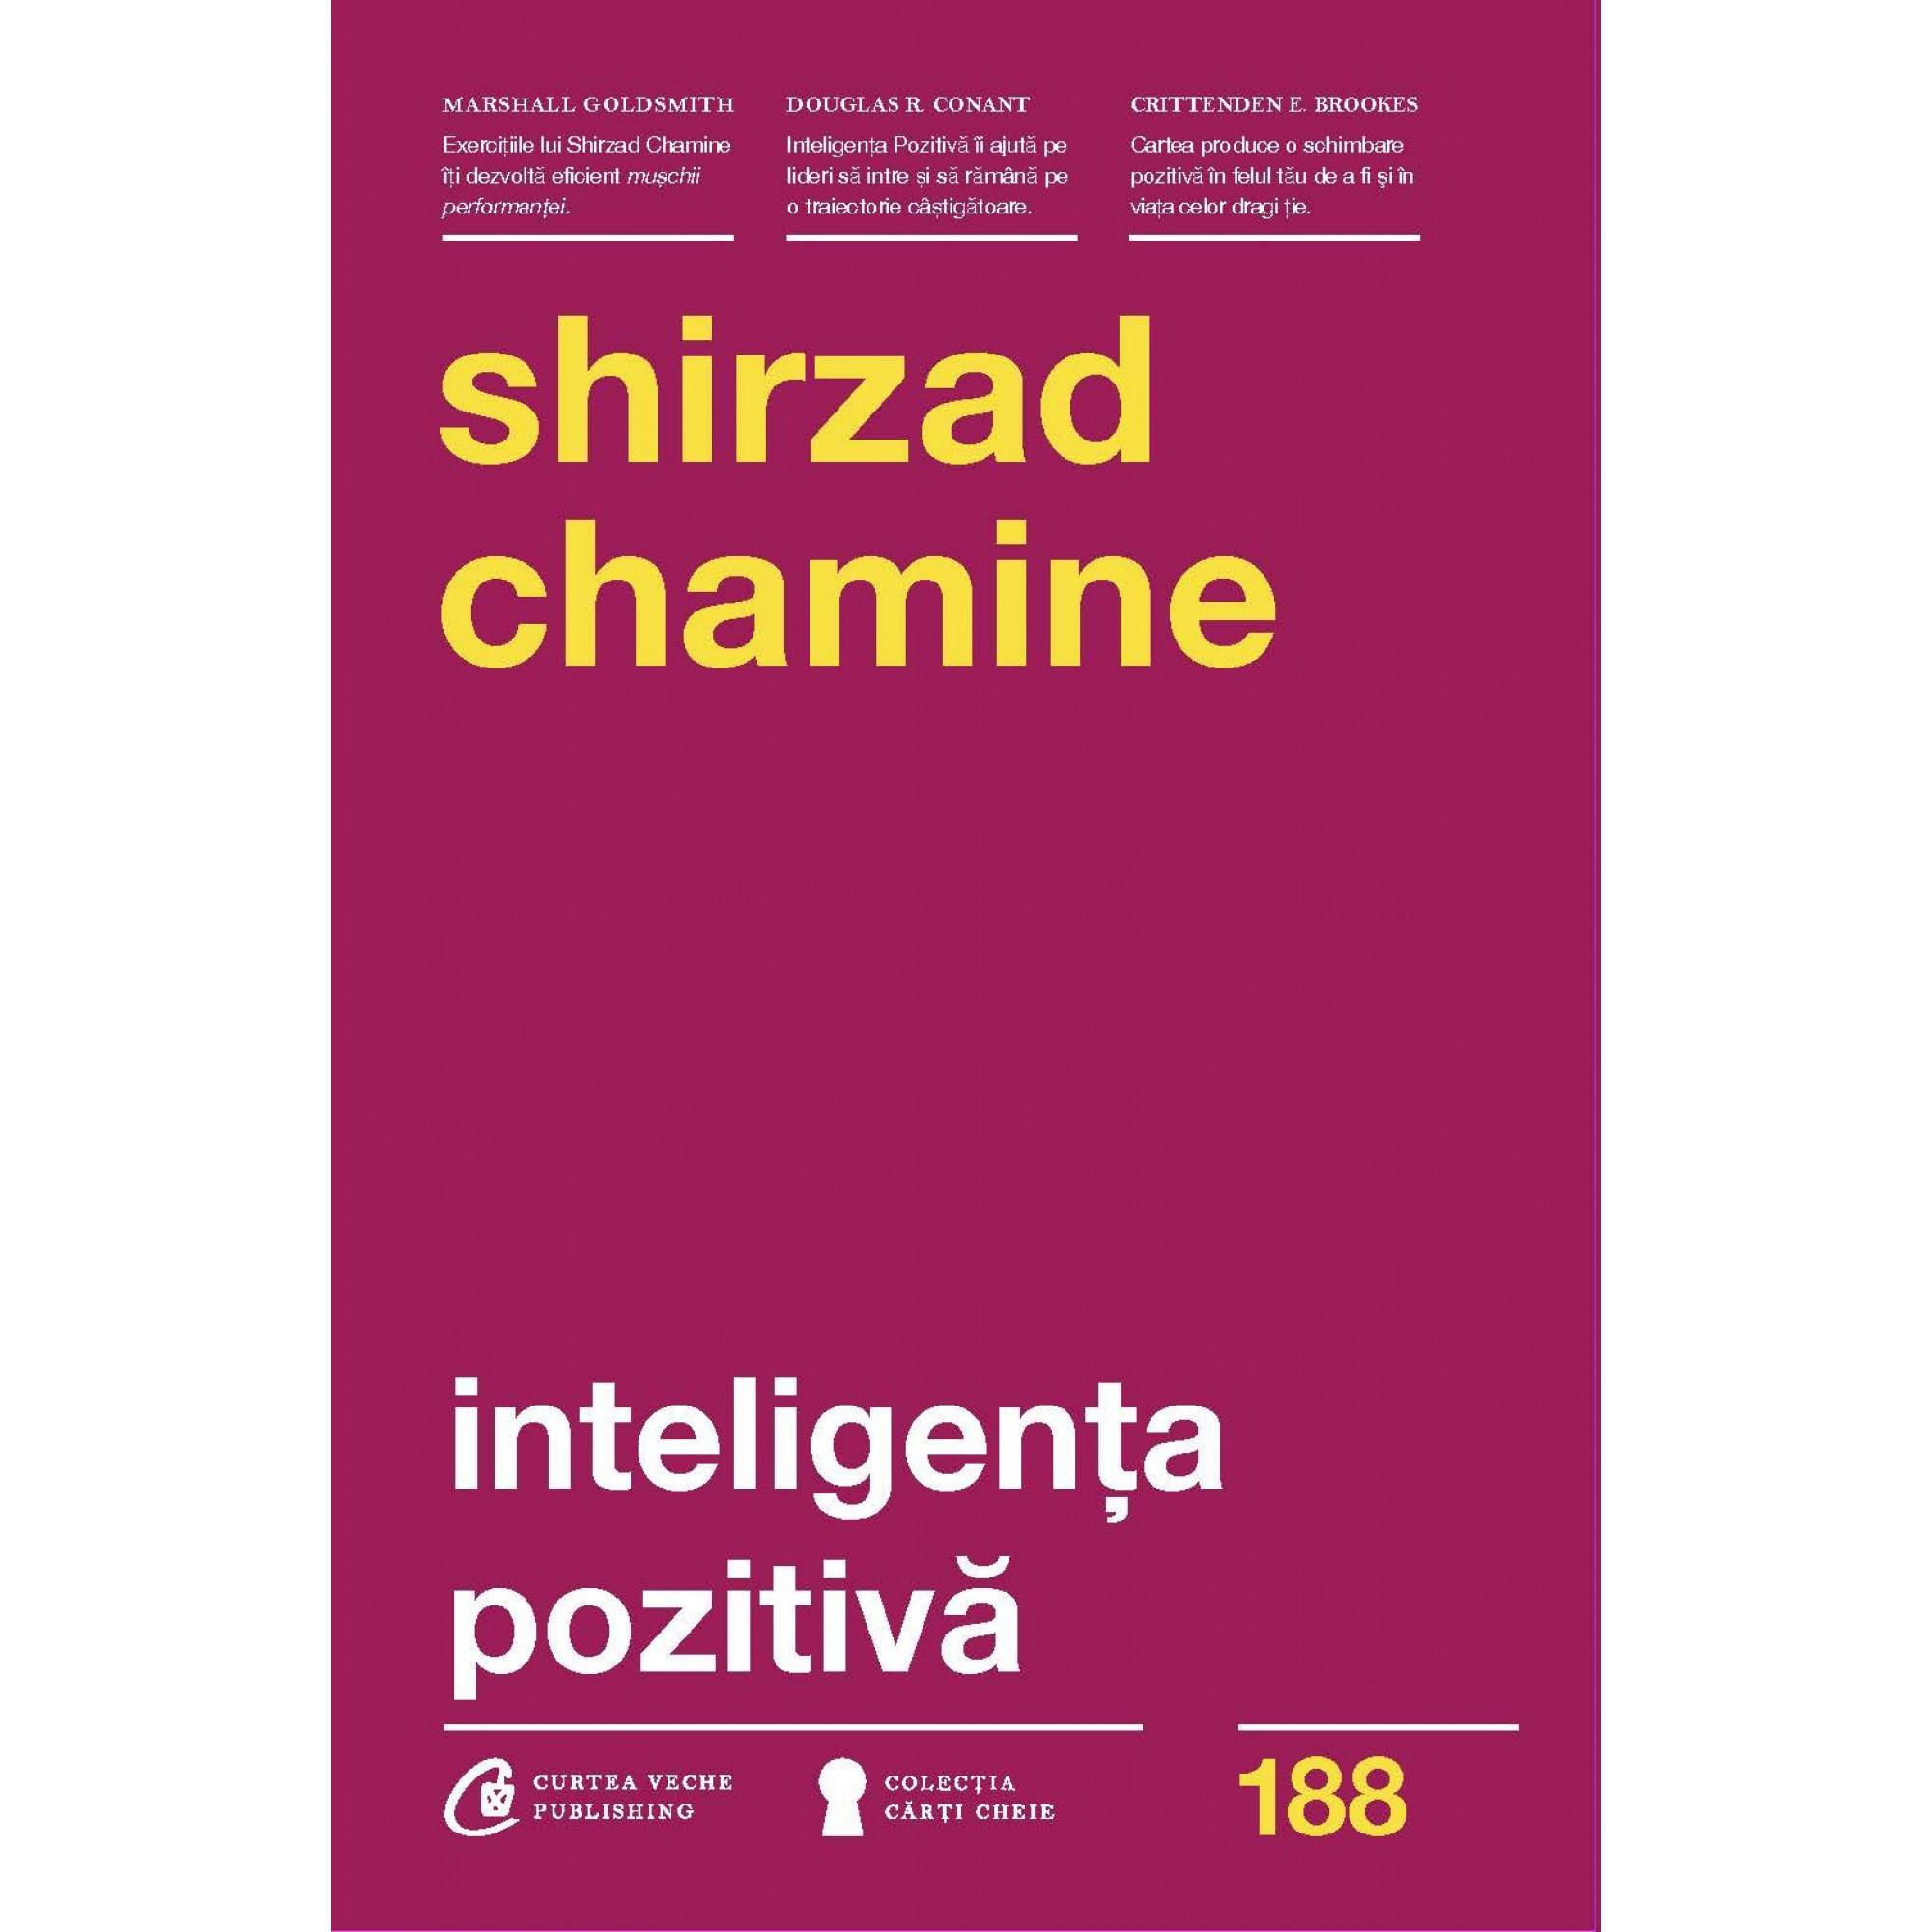 Inteligența pozitivă; Shirzad Chamine
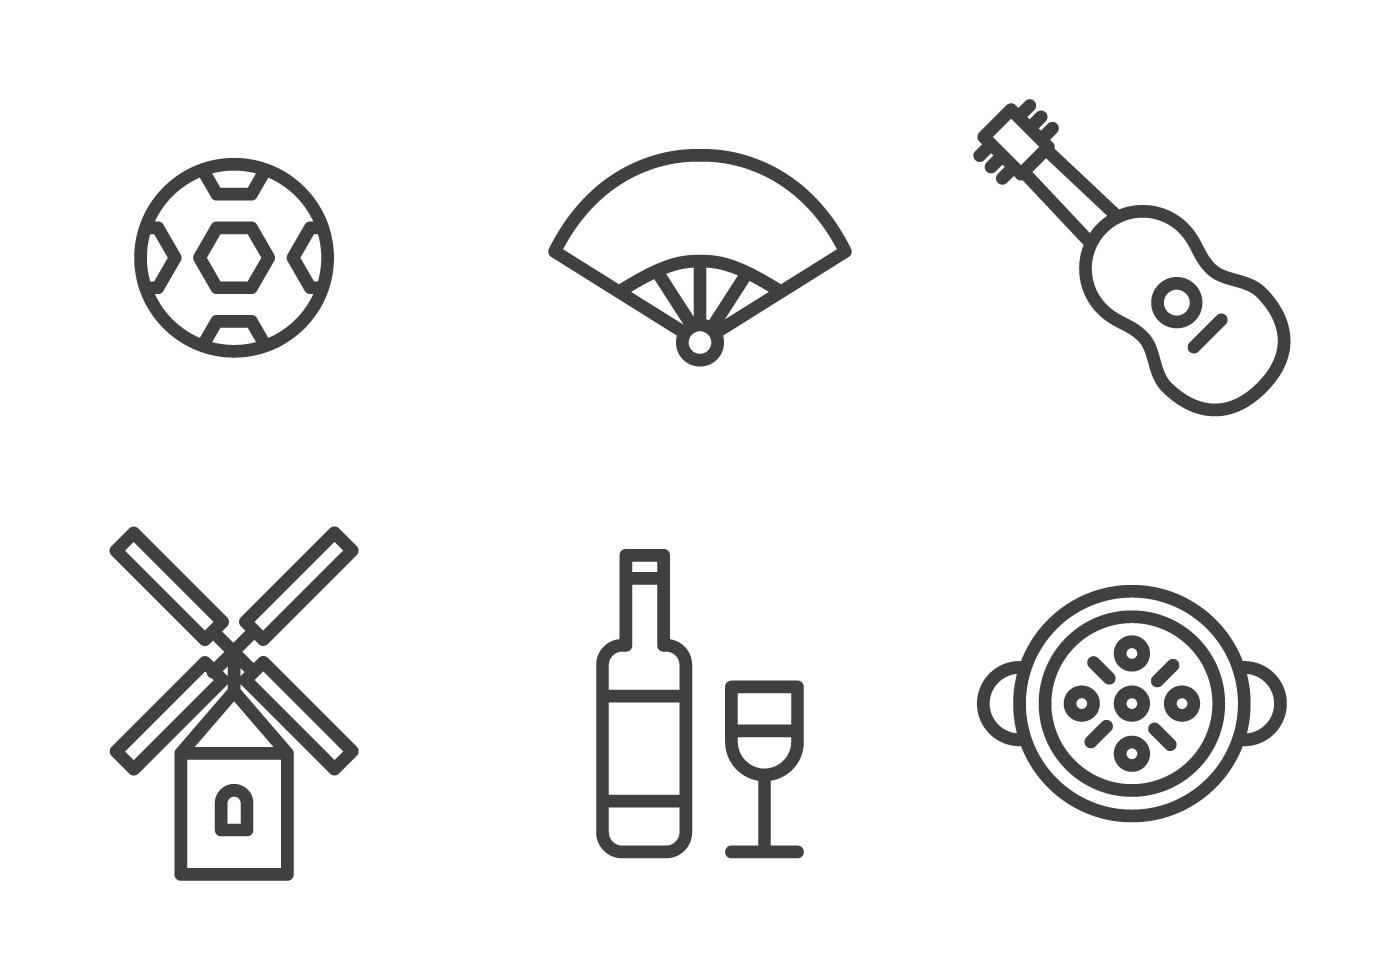 spanish icon set download free vector art stock
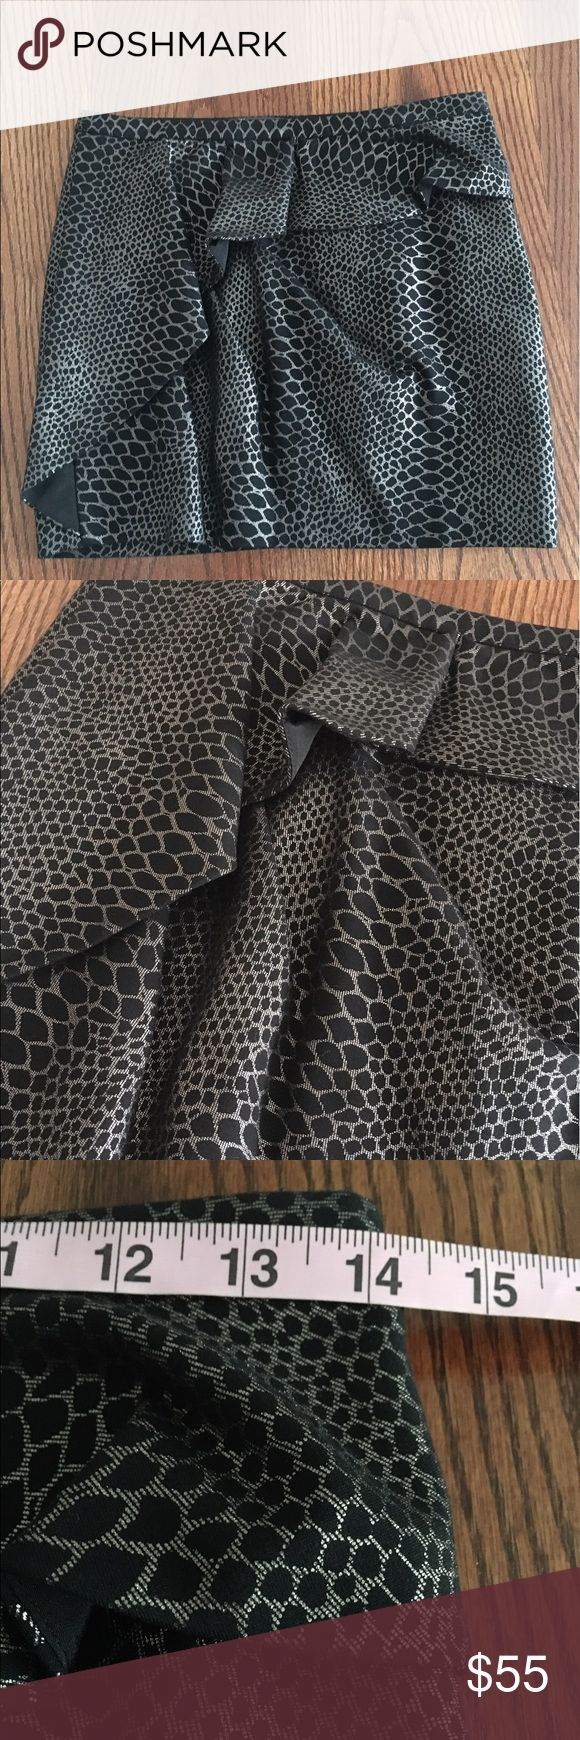 "Armani Exchange black and gray ruffled mini skirt Samantha says... • brand: Armani Exchange  • size: 0 • black and gray ruffled mini skirt  • snake skin look to it  • perfect for a night out or date night   Measurements: • waist: 14"" across  • length: 14""  #ax #armani #armaniexchange #black #gray #grey #ruffles #miniskirt #skirt #mini #ruffled #size0 #sizezero #zero #sexy #datenight #samtalee613 A/X Armani Exchange Skirts Mini"
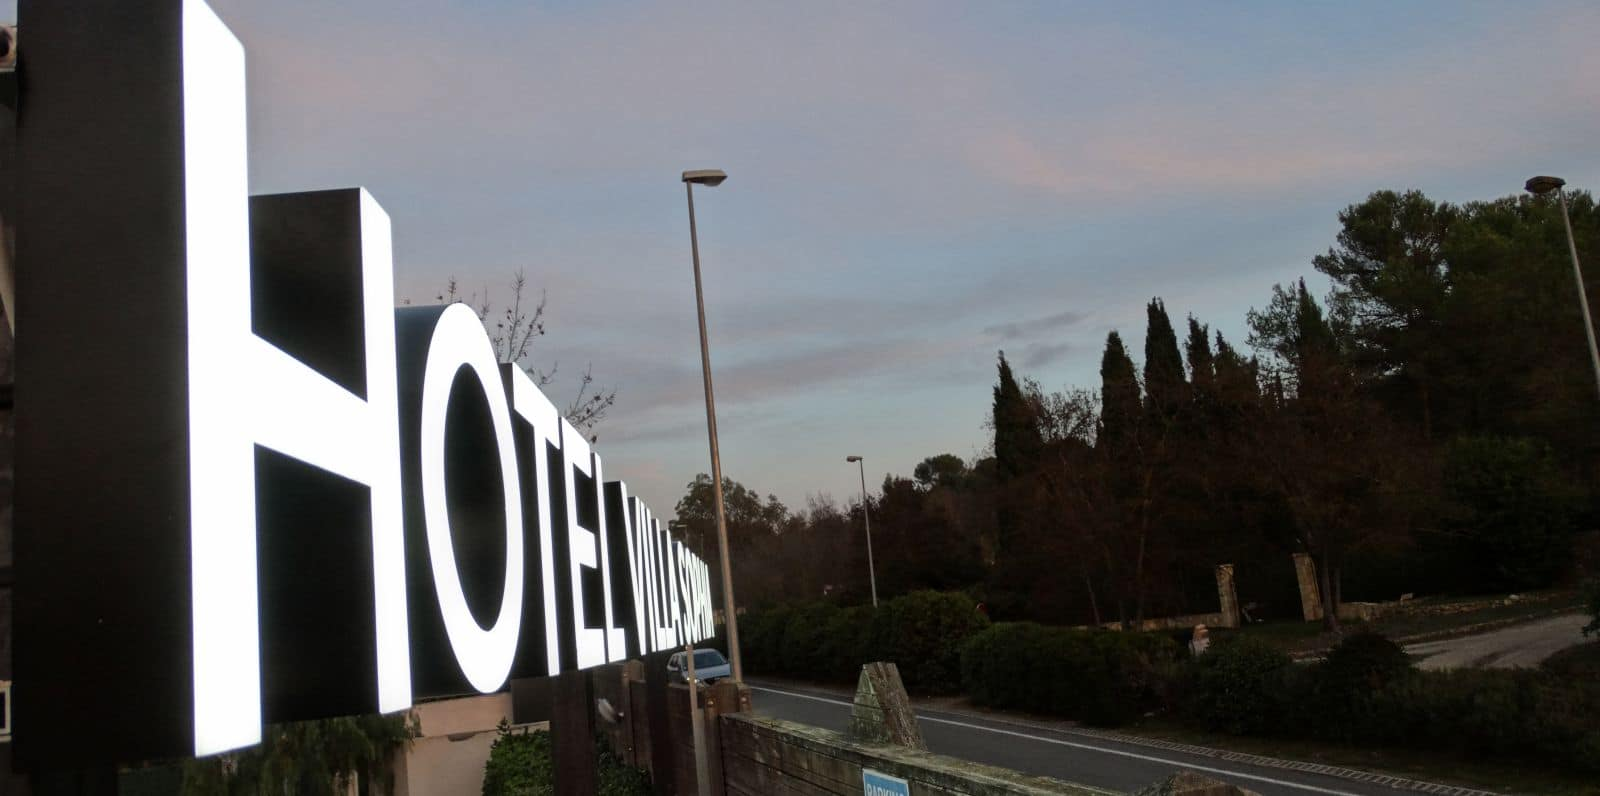 enseigne-metal-hotels-sophia-antipolis-hotel-villa-sophia-2

*WHAT IS BEING ASKED:* Print the material above verbatim except the pictures.

*WRITTEN ANSWER:*
 Inteligența pozitivă; Shirzad Chamine
 spanish icon set download free vector art stock
 "Armani Exchange black and gray ruffled mini skirt Samantha says... • brand: Armani Exchange  • size: 0 • black and gray ruffled mini skirt  • snake skin look to it  • perfect for a night out or date night   Measurements: • waist: 14"" across  • length: 14""  #ax #armani #armaniexchange #black #gray #grey #ruffles #miniskirt #skirt #mini #ruffled #size0 #sizezero #zero #sexy #datenight #samtalee613 A/X Armani Exchange Skirts Mini"
 enseigne-metal-hotels-sophia-antipolis-hotel-villa-sophia-2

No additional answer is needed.